**AVAILABLE DATA**
__________________________________________________

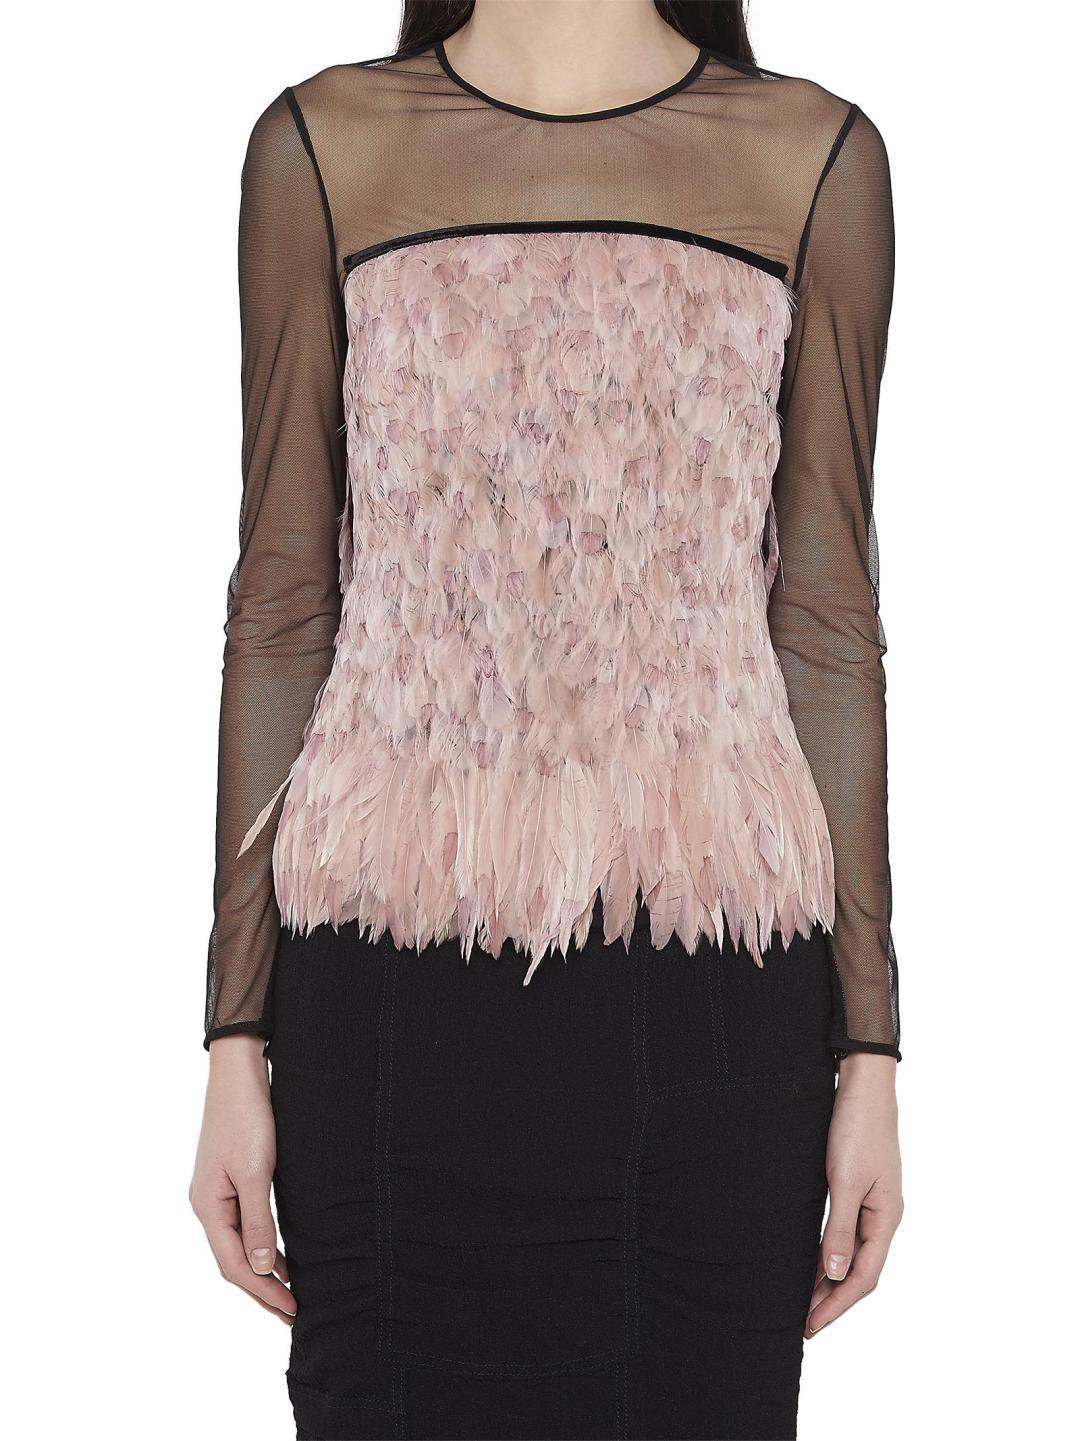 7c51236b6 ... $3,153.72 – Tom Ford Dress – Italist.com US – $3,153.72
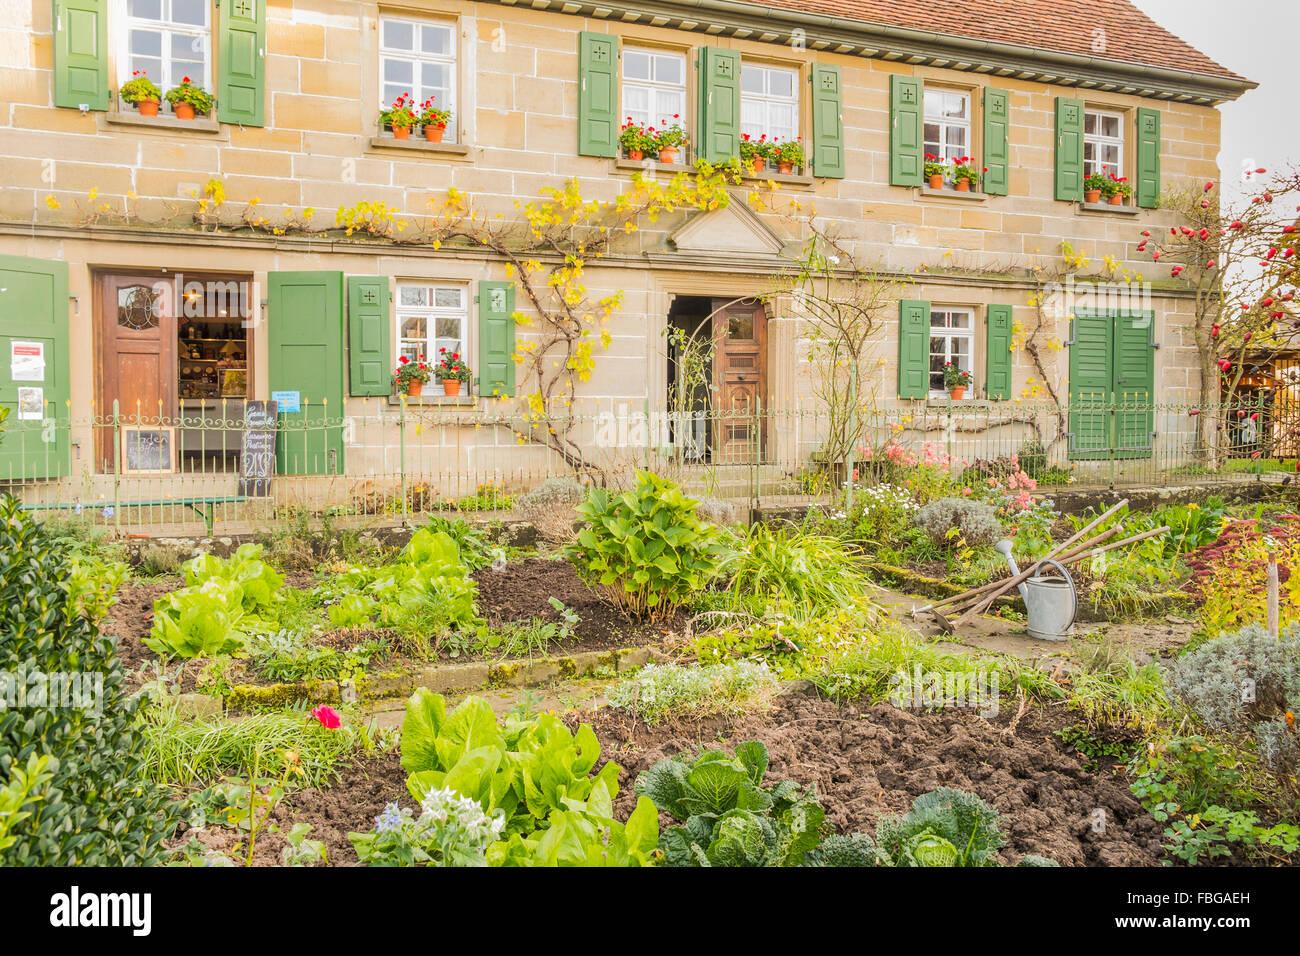 historic village shop, open-air museum, wackershofen, schwaebisch hall, baden-wuerttemberg, germany - Stock Image
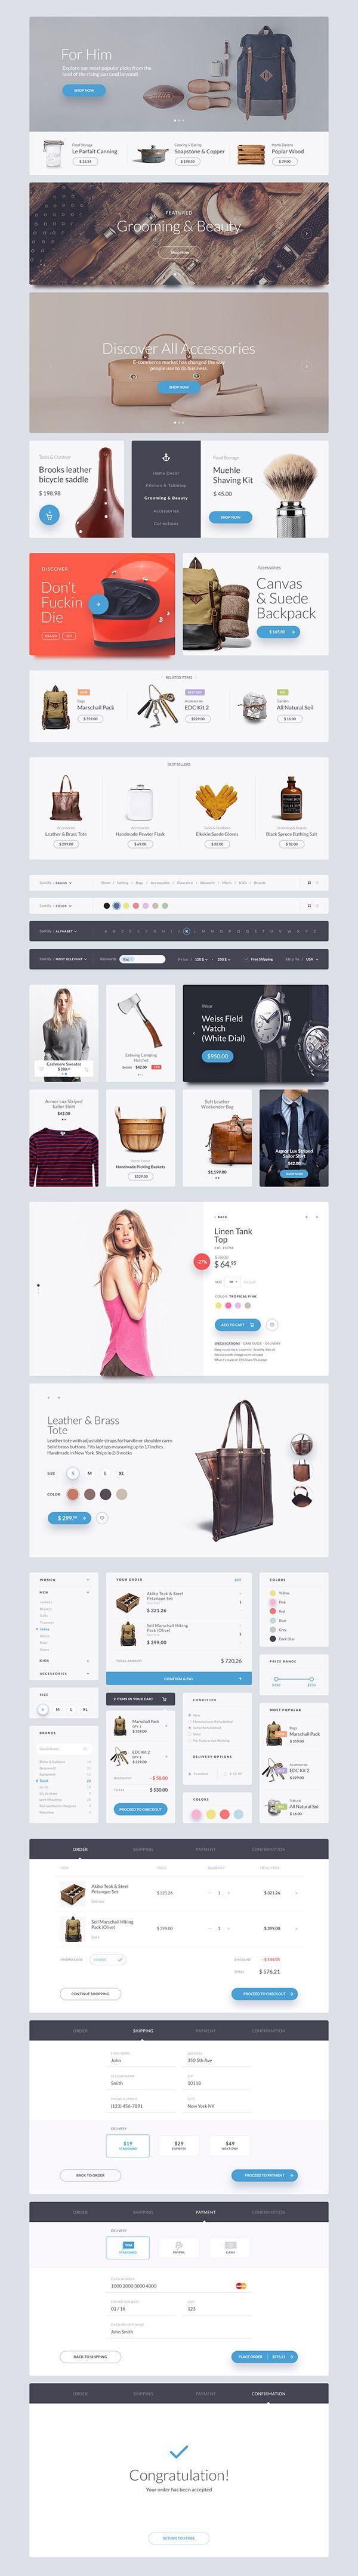 Simplistic Ecommerce #UI #UX love the standout blue CTA
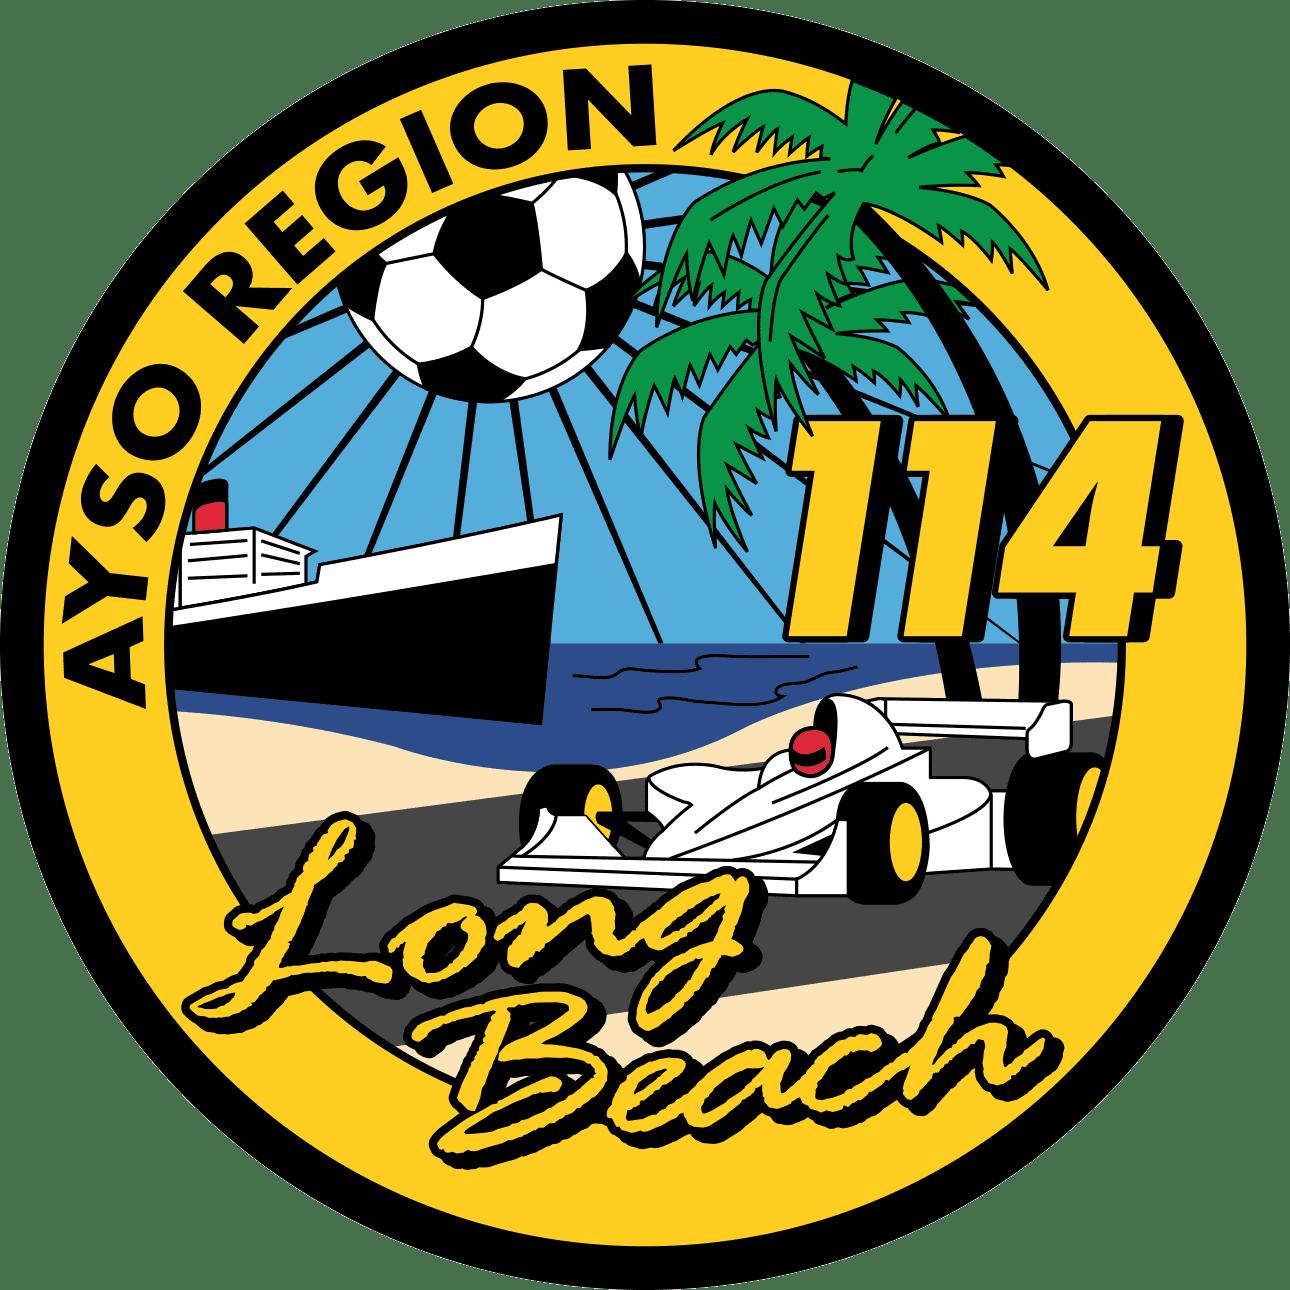 AYSO Region 114 Long Beach

__________________________________________________

**EXERCISE**
All of the listing above must be output exactly, except for its pictures.

**RESULT**
 7c51236b6 ... $3,153.72 – Tom Ford Dress – Italist.com US – $3,153.72
 historic village shop, open-air museum, wackershofen, schwaebisch hall, baden-wuerttemberg, germany - Stock Image
 Simplistic Ecommerce #UI #UX love the standout blue CTA
 AYSO Region 114 Long Beach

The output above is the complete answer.